Why I care so much about identity data quality

I feel like I’m always trying to convince people that the quality and maintence of identity data is important and worth putting effort into, while they nod and say “sure, sure”, while thinking “this crazy lady knows nothing about reality”. But you know what? I’m not crazy – and here are some reasons why.

Do you know who all your users are?

It’s pretty easy to count the number of user accounts you have, and you may even be able to check when they last logged in, but do you actually know who they all are, including external people such as contractors? It amazes me how many organisations allow essentially unregistered externals a high level of access to their systems including priviledged account access and a corporate email address. Yes someone “signed it off” at the time – but that sort of thing can be almost impossible to correlate later on – especially if you’re looking at hundreds or even thousands of contractor accounts.

This also links to the question of immutable identifiers. It’s one thing to know who your users are in a single system – but do you know across all systems? Can you itemise all of someone’s accounts and access? This might be possible to track down for one person – but what if you have to report on all users (while the auditor is looking over your shoulder)?

Do you know enough about your users?

One of the big problems here is that the definition of “enough” keeps expanding.

How often have you logged into some social media/cloud/website lately to have it ask you to provide extra information about yourself – perhaps a mobile phone number for password reset authentication. New features and functionality often mean information is just expected to be there, but because it wasn’t needed in the past no one bothered collecting it. I have seen this countless times with on-prem applications – someone has been sold on the great new feature that automates manager approval, only to discover that the manager attribute in AD is only sporadically populated, not trustworthy, and there’s no single, matchable source to get it updated – especially for those pesky externals. Suddenly the great new feature is only available if an arduous data cleanup operation is first conducted – something no one budgeted for.

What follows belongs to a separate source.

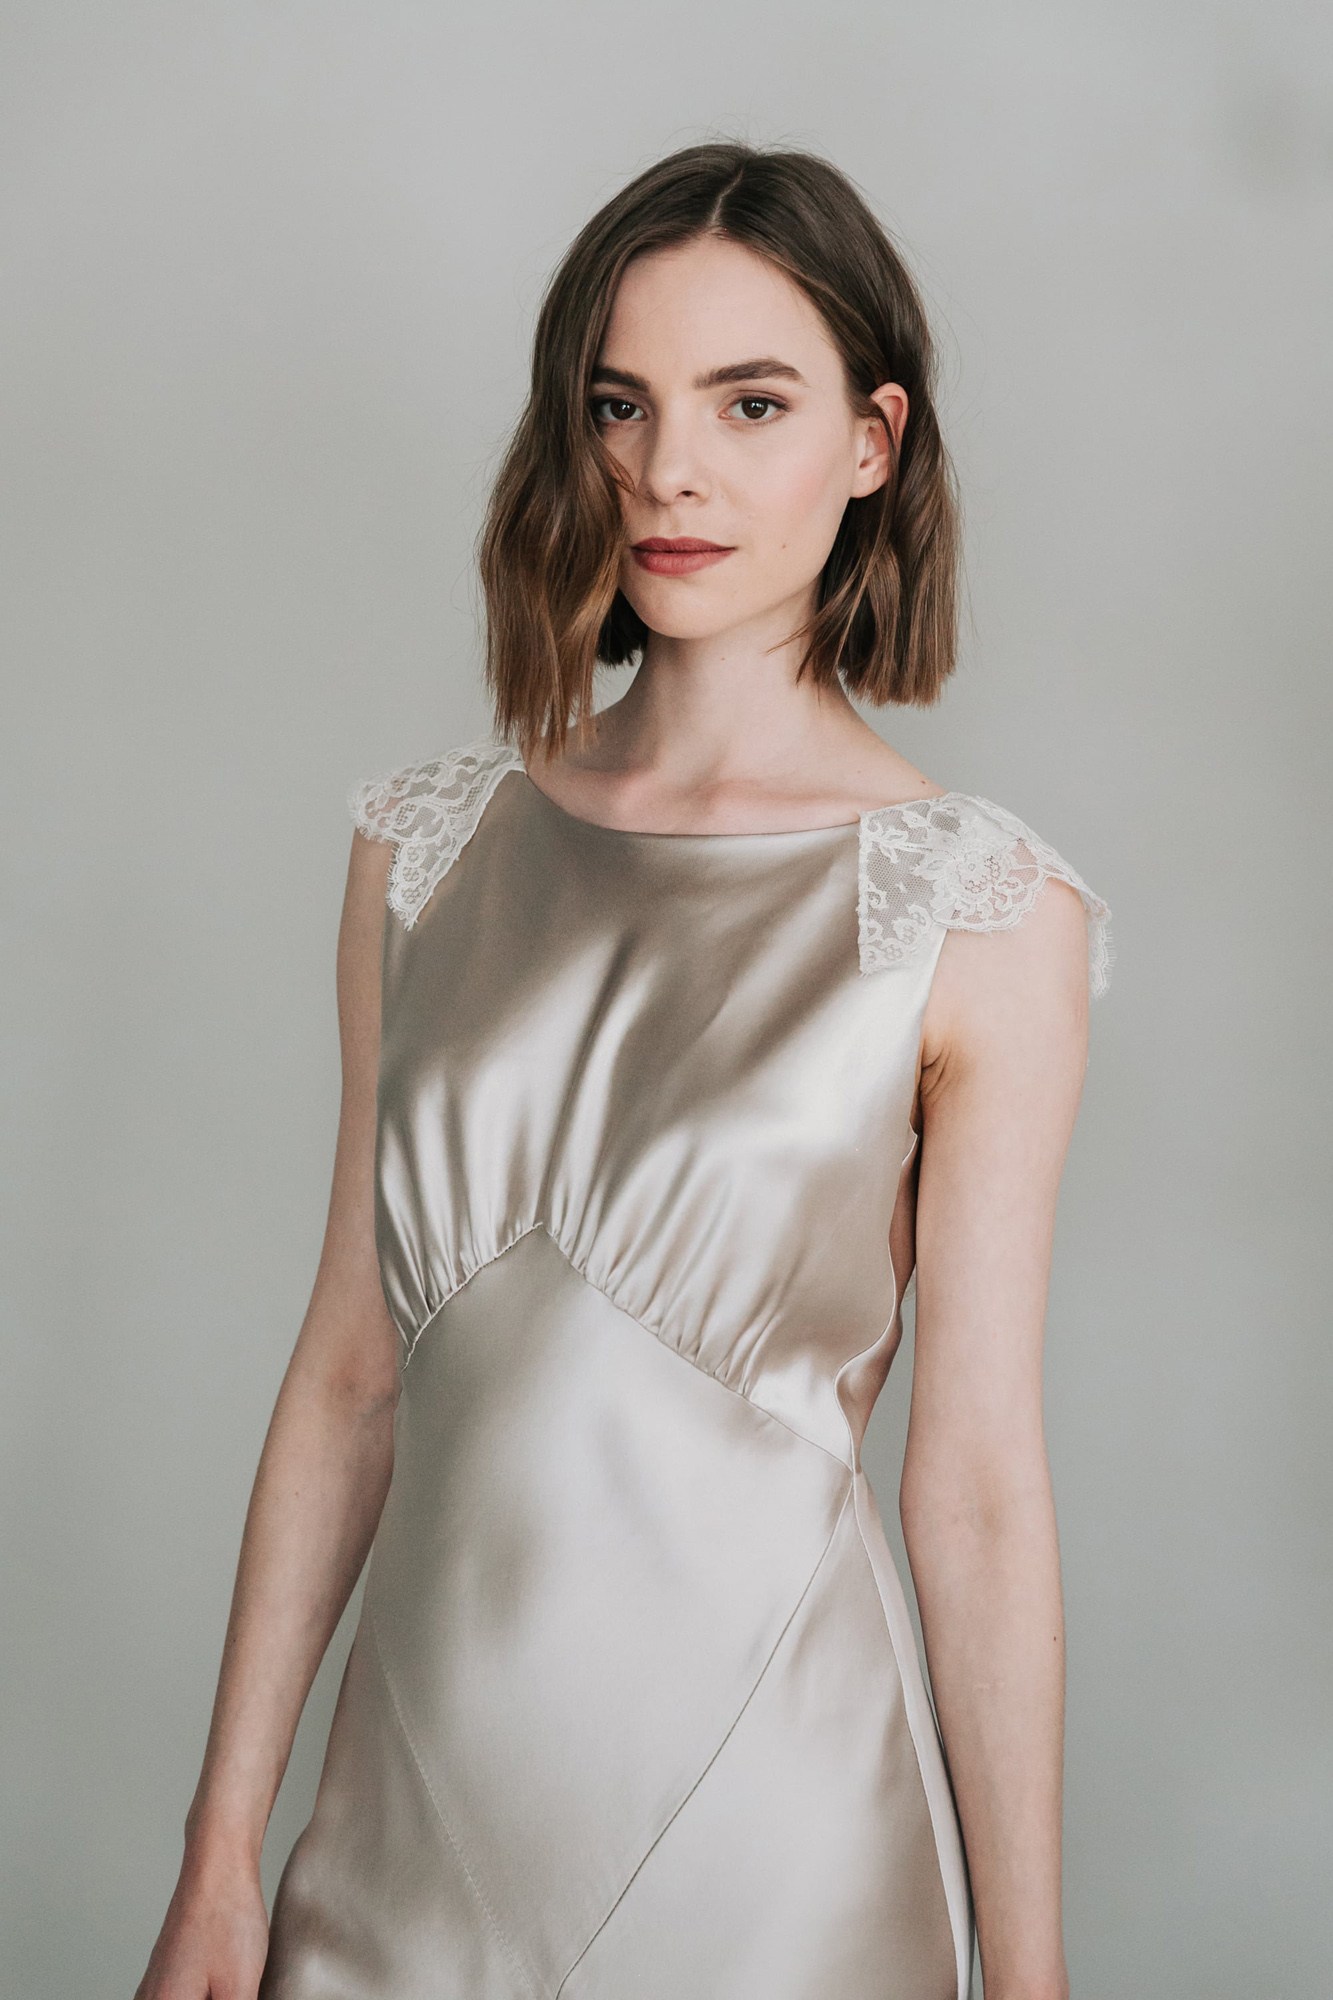 Kate-Beaumont-Sheffield-Honeysuckle-Bias-Cut-Silk-Panelled-Wedding-Gown-5.jpg

Now IAM can’t magic non-existant data out of thin air – but at least if you know who your users are, and can link them to source data using proper identifiers, you can get that information from where it lives or, at the very least, come up with a workable plan to get the information.

Spot the bad

Poor quality identity data leads directly to false alerts, errors and general “noise” that can easily mask genuine problems. If we can expect at least a certain baseline then abnormalities will be easier to spot. This is not just about security risks, but also being able to proactively fix issues before a whole lot of user and support time has to be wasted.

Provision, don’t Migrate

Continuous change is part of IT. Whether it be a replacement of an existing application, a migration to a cloud service, a merger or divestiture, we are regularly having to create new user accounts and provision new access. It would be interesting to get stats on what percentage of corporate user accounts are still created and permissioned by hand, but I’m prepared to bet it’s still the majority.

The other thing about these points of change is that they always seem to happen in such a rush. The licenses have been paid for, the service is up, we want the users in there NOW.. so what happens? All the accounts get migrated from somewhere else – the application being replaced perhaps – along with all the poor quality data and accounts of dubious origin that were in the old system. I want to see a time where the user accounts in the new system are provisioned from trusted source data because it’s actually quicker and easier to do it that way. If you’ve had that experience then your work in cleaning up IAM data has just well and truly paid off!

We’ll clean it up later

Now who’s talking crazy! If you don’t have time to clean bad data now you won’t have time later either.

Data cleaning often falls into the “important but not urgent” quandrant, making it of no interest to the type of management that can only get interested in “urgent” (even when the addendum to that is arguably “but not important”). Unfortunately sooner or later your poor quality identity data will cause something urgent (a security breach), or more shortcuts (migrating or ignoring bad data), that will only prolong and multiply the issues.

In summary

I know it’s boring (believe me, I really do) but I also know that true governance and management of identity data is one of those essential things, like patching servers, or keeping your house clean – it might seem easier today to skip it, but if you never get round to it the cost will be manifestly higher in the long run.

2 Replies to “Why I care so much about identity data quality”

Jef Kazimer says:

August 5, 2015 at 3:28 am

Another important aspect of data quality is that poor data can lead to inadvertent access. Computed Groups, SAML Claims, Kerberos Claims, can all be used to provide access based on metadata of a user. If that data is free form, not managed, and not maintained, users may be missing access they need to do their role, or worse, given access that is not appropriate for their role. As IT transitions from the “we maintain control of services” to “we connect to services”, the quality of the identity data is more important than ever. This is where a good Identity management strategy which includes a data management strategy is even more important! If you don’t know the source of the data, can you trust it’s the correct data to be used with access decisions?
Carol says:

August 5, 2015 at 5:59 am

That’s a great point Jef, and I think it’s another example of data being used (or needed) for new uses that didn’t exist previously – while at the same time no one budgets for actually doing the clean-up and the ongoing data maintenance to ensure the new functionality. People seem to believe that just because the AD schema contains a “department” attribute it will somehow be magically populated and correct.